Sabes hija, tu abuelo me dijo algo antes de casarme con tu madre que he cumplido al pie de la letra y a pesar de vientos y mareas sigo tan o mas enamorado de esa mujer que el primer día…y hoy quiero compartirlos con ustedes dos… Hija, alcánzame el viejo álbum del abuelo por favor.- George Granger abrió el viejo libro en el que se recopilaban todos lo recuerdos vividos con sus padres, lo abrió en una pagina donde se encontraba una hermosa foto de los abuelos de Hermione cuando se casaron. Debajo de ella se encontraba un papel amarillento escrito en una perfecta caligrafía muy parecida a la de la castaña. George se acomodo sus lentes y leyó
Un hombre tenía una higuera plantada en su viña, y vino a buscar en ella fruto y no encontró. Entonces dijo al viñador: Mira que hace tres años que vengo a buscar fruto en esta higuera sin encontrarlo; córtala, ¿para qué va a ocupar terreno en balde? Pero él le respondió: Señor, déjala también este año hasta que cave a su alrededor y eche estiércol, por si produce fruto; si no, ya la cortarás" (Lc)
Tu abuelo me dijo que el matrimonio es como esa Higuera, hay que regarlo y abonarlo con los detalles de cada día para que rinda fruto….si después de comprometerte y luchar dando el todo por el todo por ese ser al que amas no vez que haya fruto, entonces sepárate. Pero conciente que luchaste hasta lo último por salvar tu matrimonio…antes No…

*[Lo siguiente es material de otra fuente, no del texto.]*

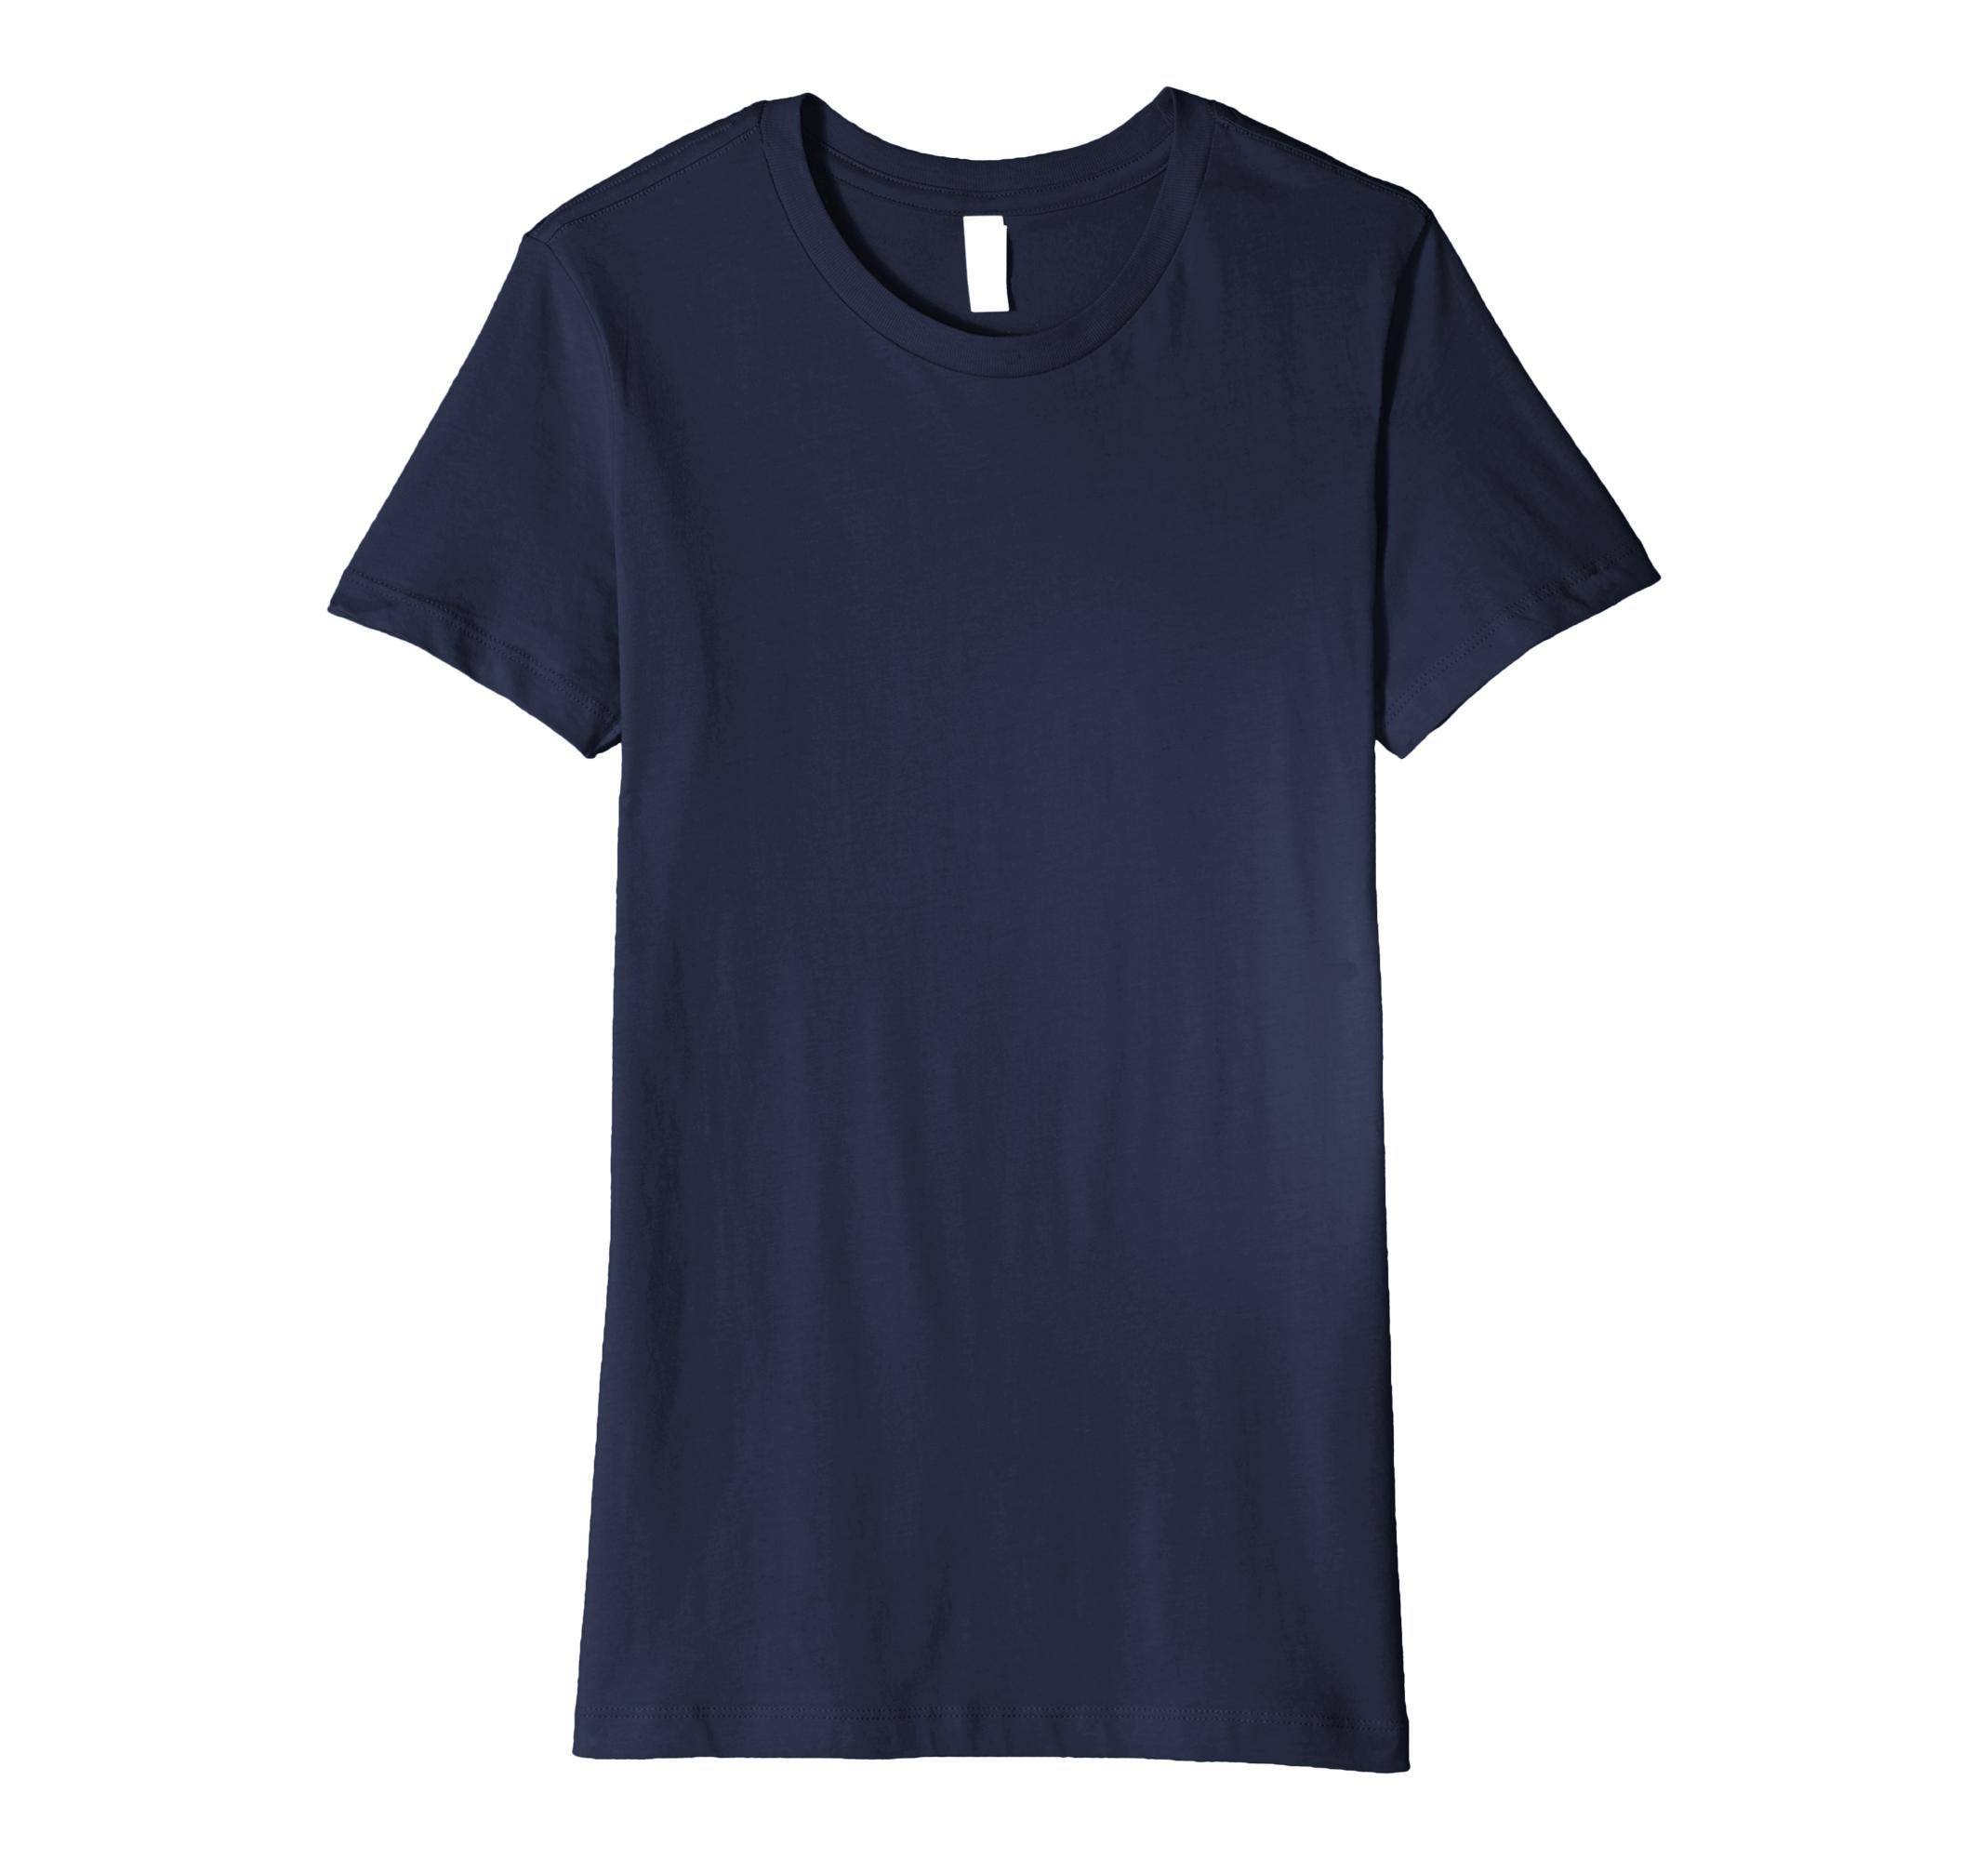 Men T Shirt Haiti My Country My Home National Flag Cotton Funny T-shirt Novelty Tshirt Women Durable Service Tops & Tees

Hermione tenia los ojos inundados de lagrimas al igual que su madre quienes se abalanzaron besándolo orgullosas de tenerlo por marido y padre. Lucius rodó los ojos asqueado cuanta cursilería sorbió disimuladamente la ultima gota de la poción tranquilizante, definitivamente su esposa era un genio al llevarla, aunque debió cargar con un poco mas.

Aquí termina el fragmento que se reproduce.